===== Material provided =====
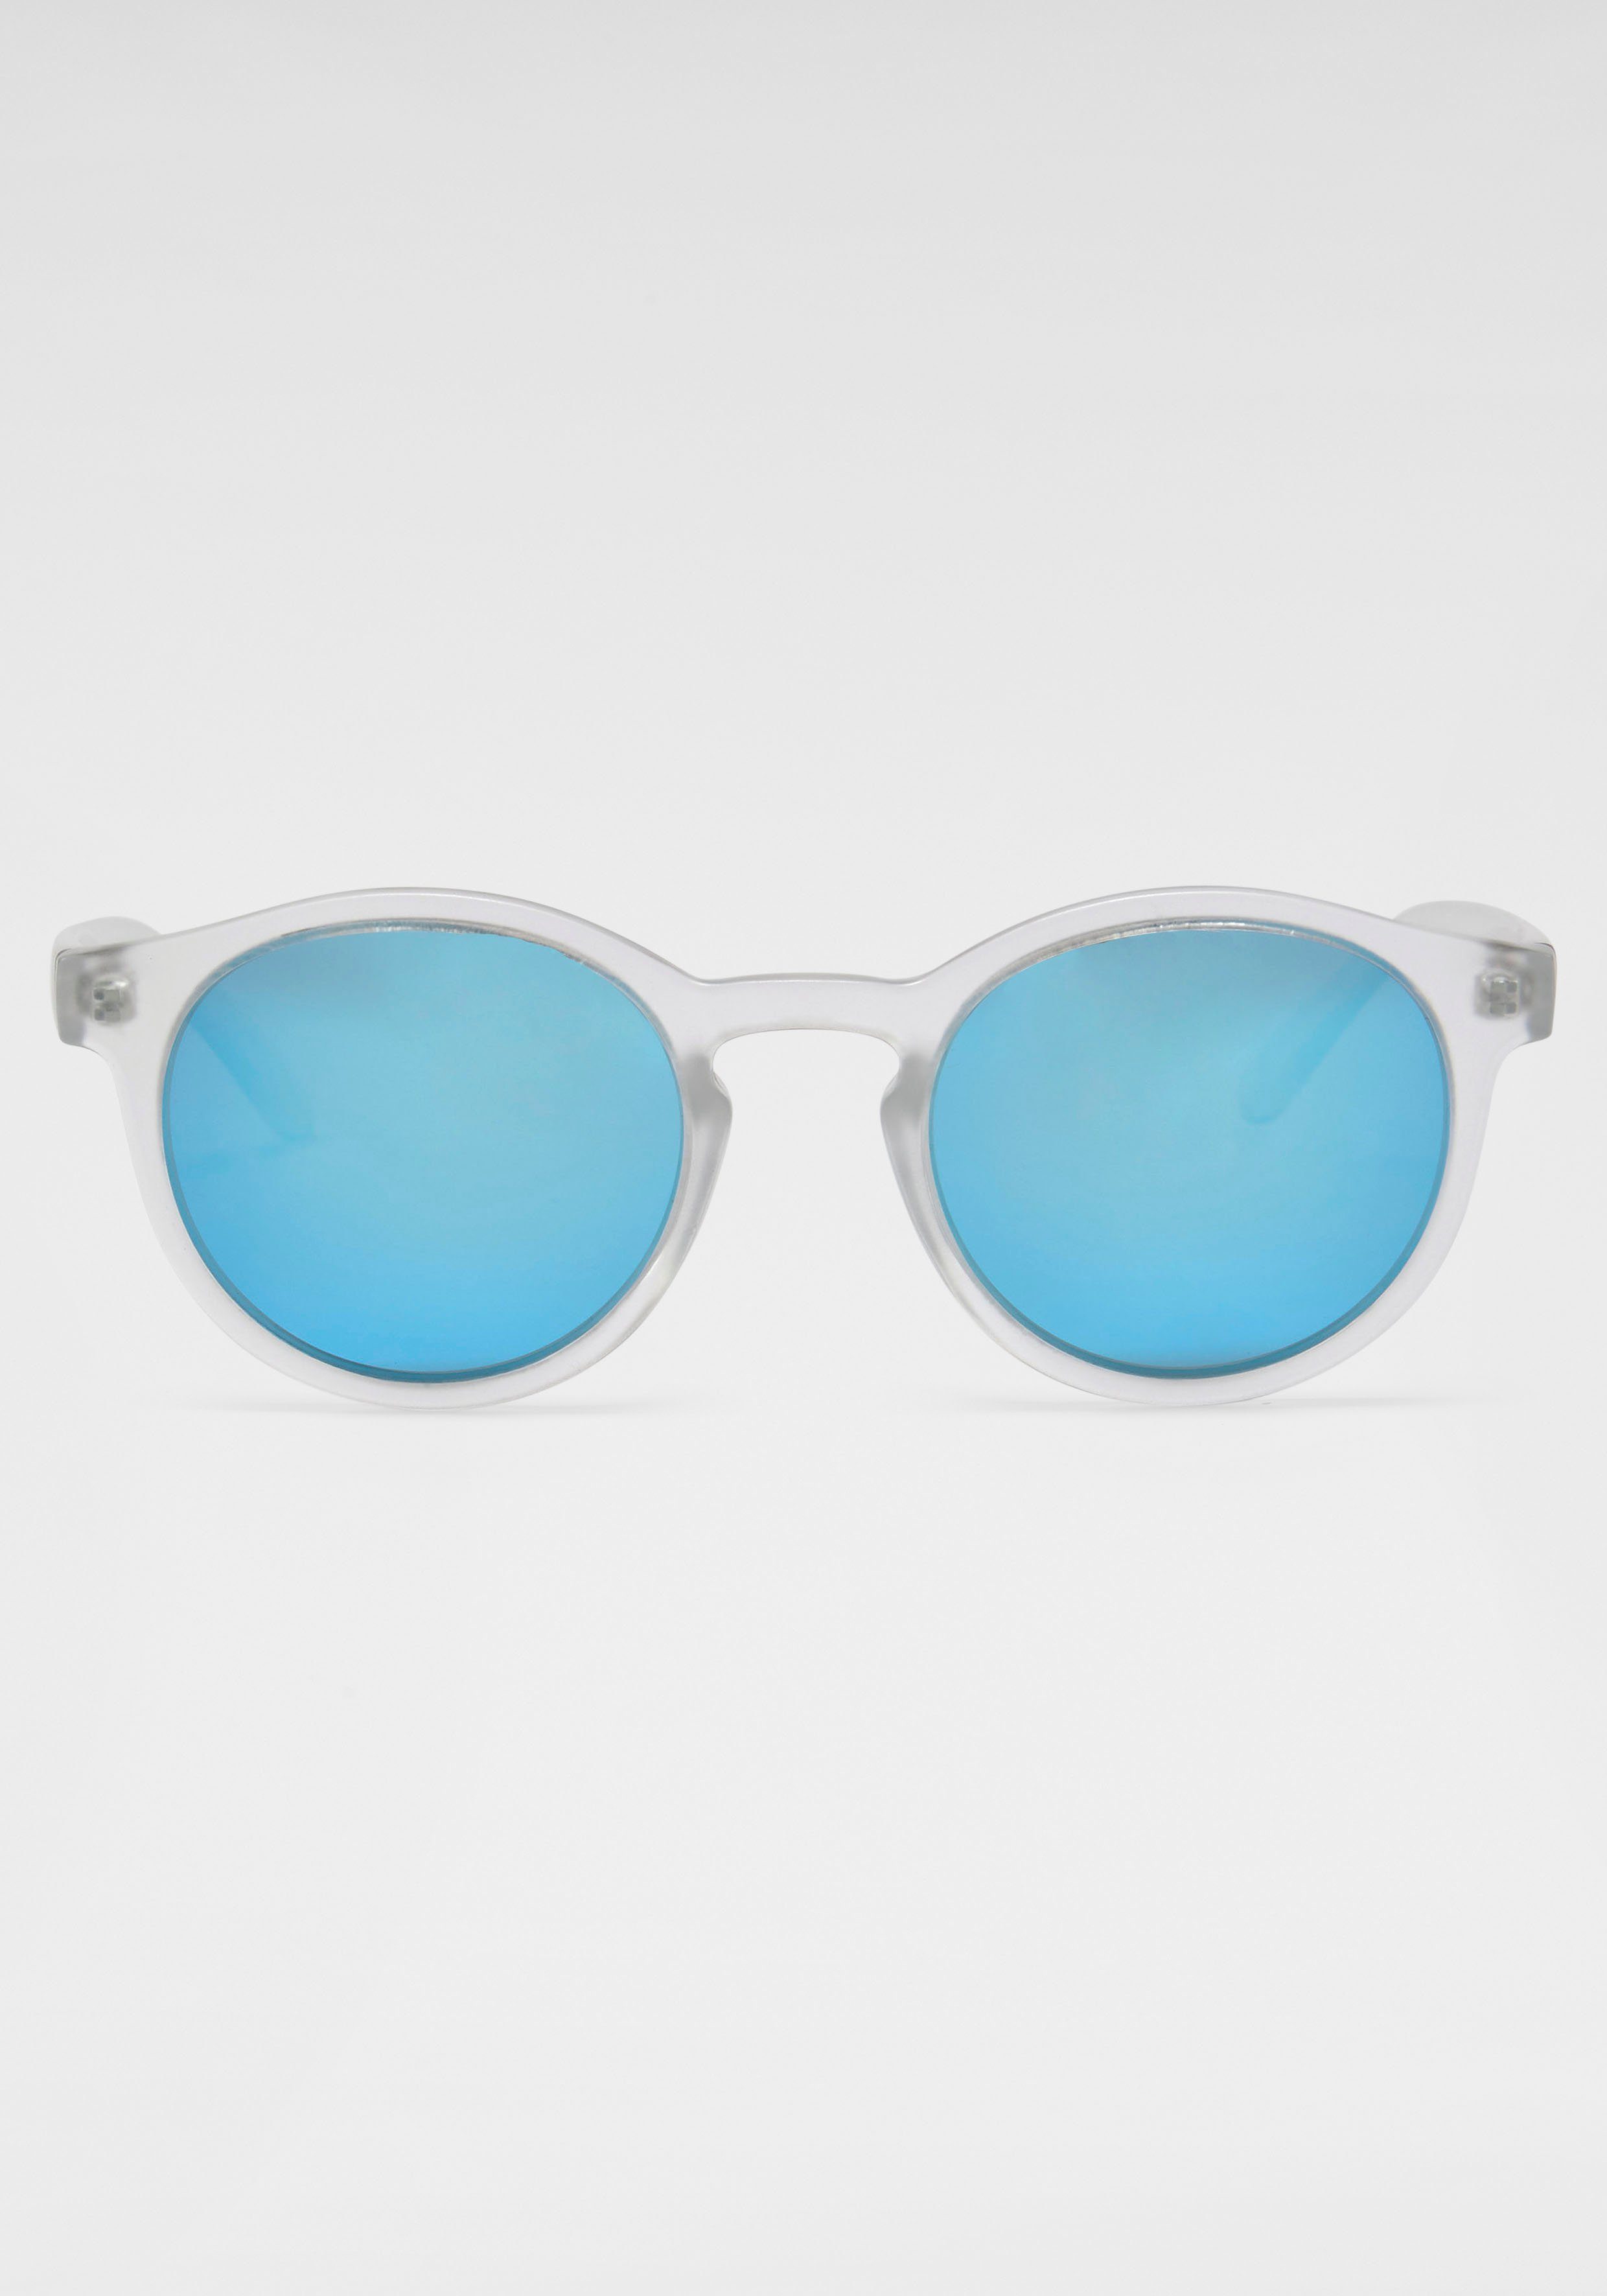 BASEFIELD Sonnenbrille, Modische Damensonnenbrille
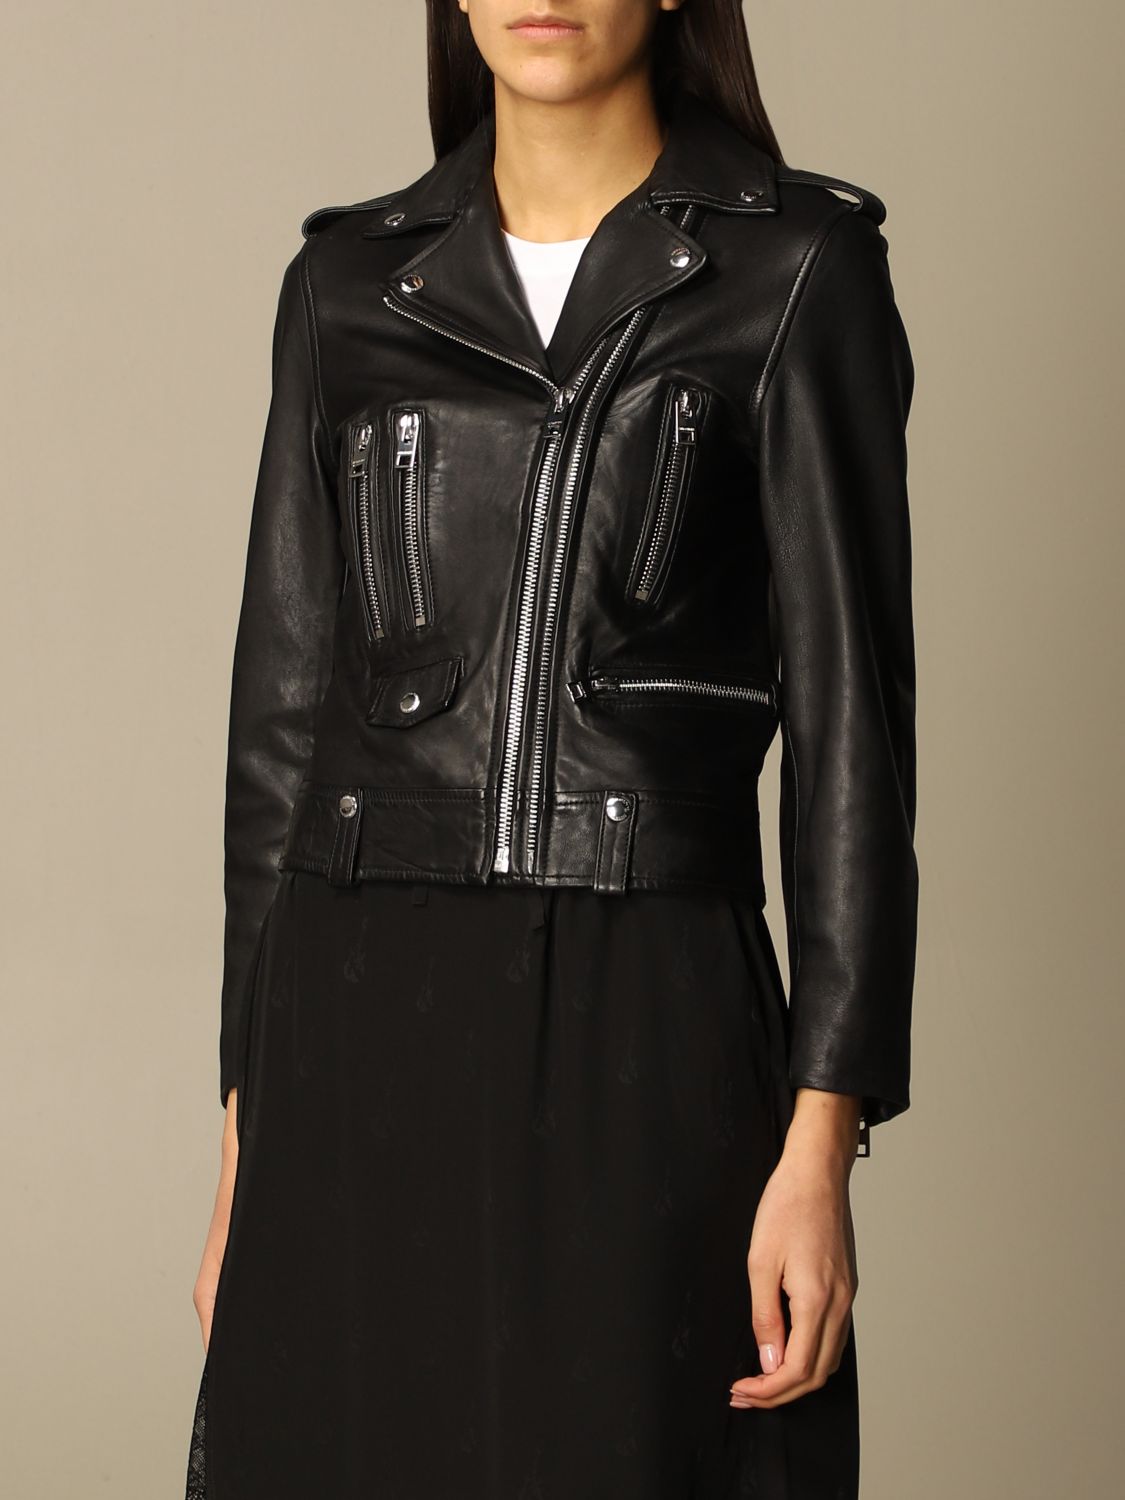 ZADIG & VOLTAIRE: jacket in real leather | Jacket Zadig & Voltaire ...
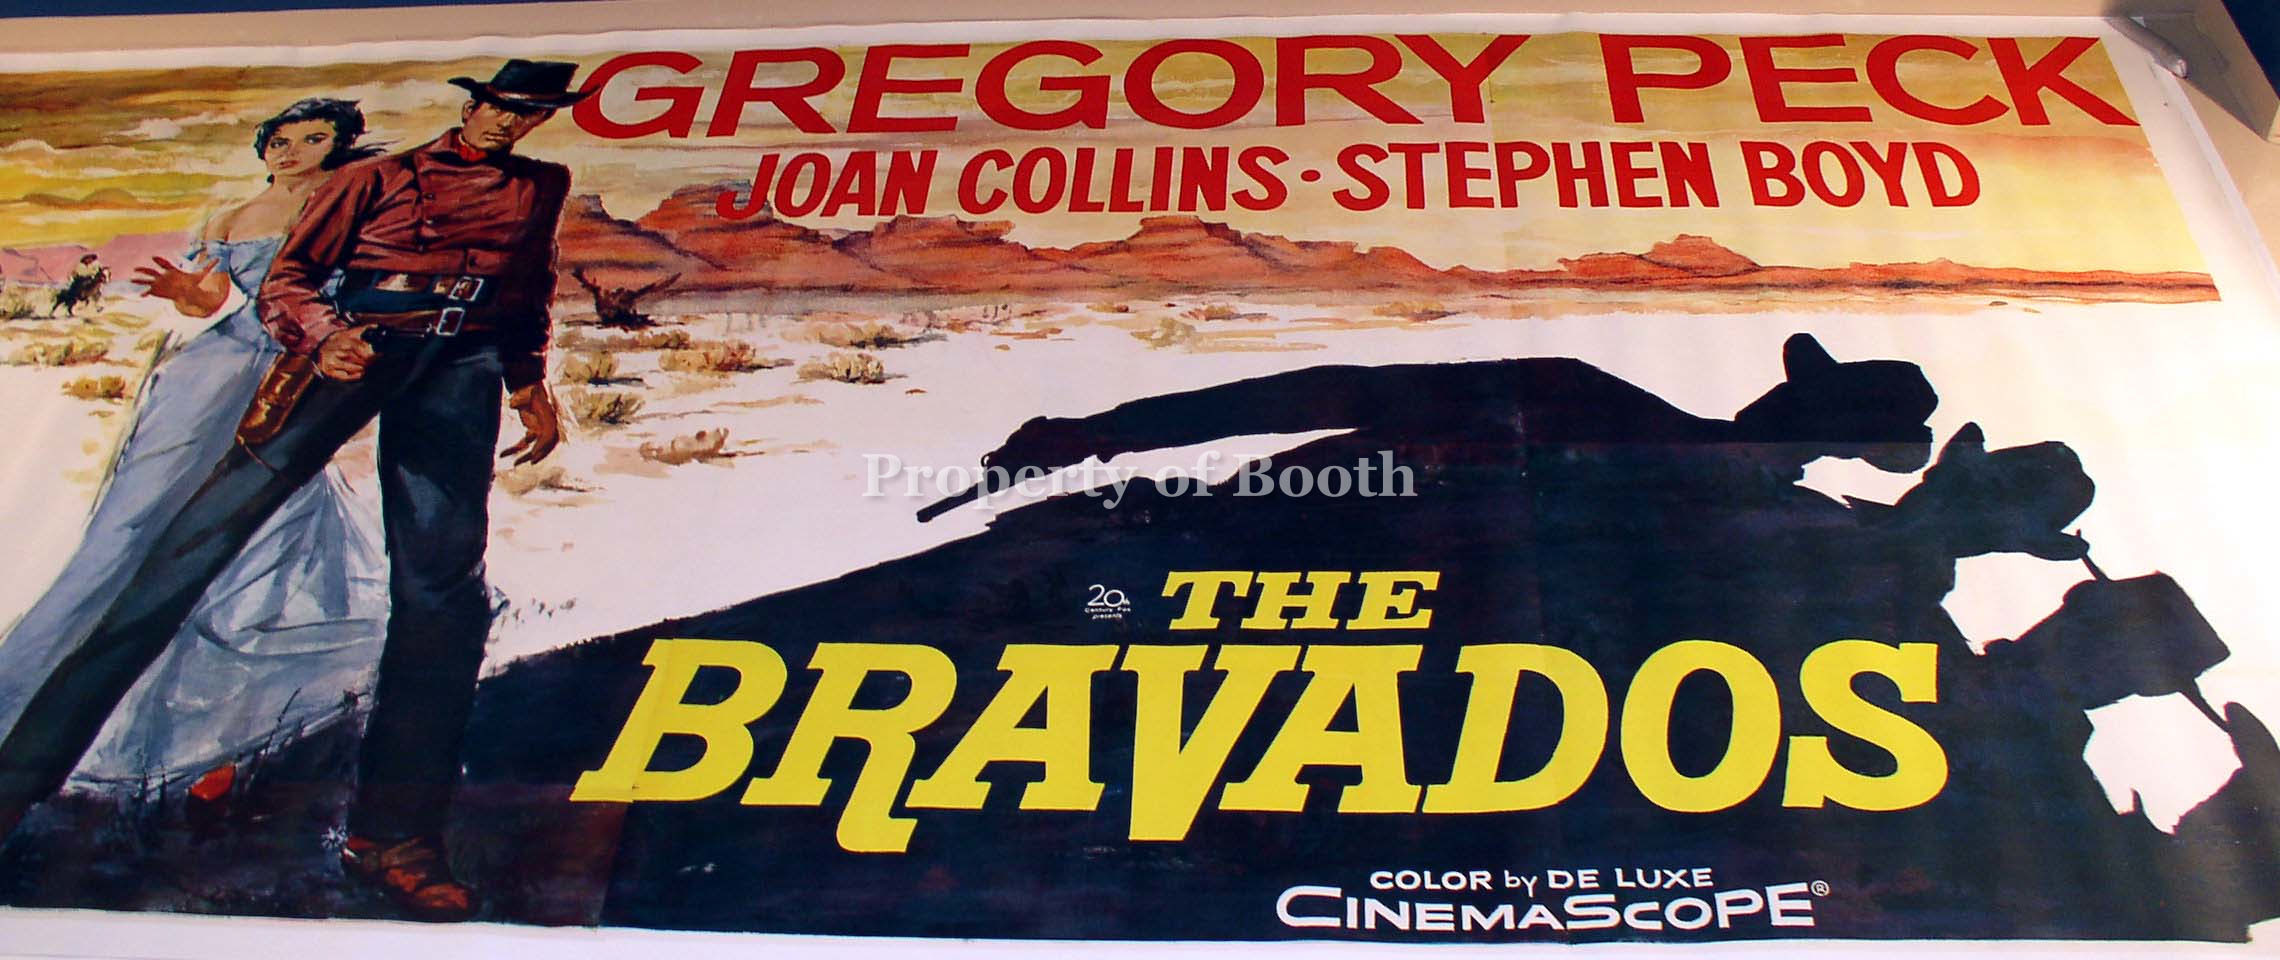 1958, The Bravados, 104.37 x 228.62"
=====
* [Instructions for the task] The copy must reproduce the listing above verbatim and contain no pictures.

* [Response to this exercise]
 BASEFIELD Sonnenbrille, Modische Damensonnenbrille
 ZADIG & VOLTAIRE: jacket in real leather | Jacket Zadig & Voltaire ...
 1958, The Bravados, 104.37 x 228.62"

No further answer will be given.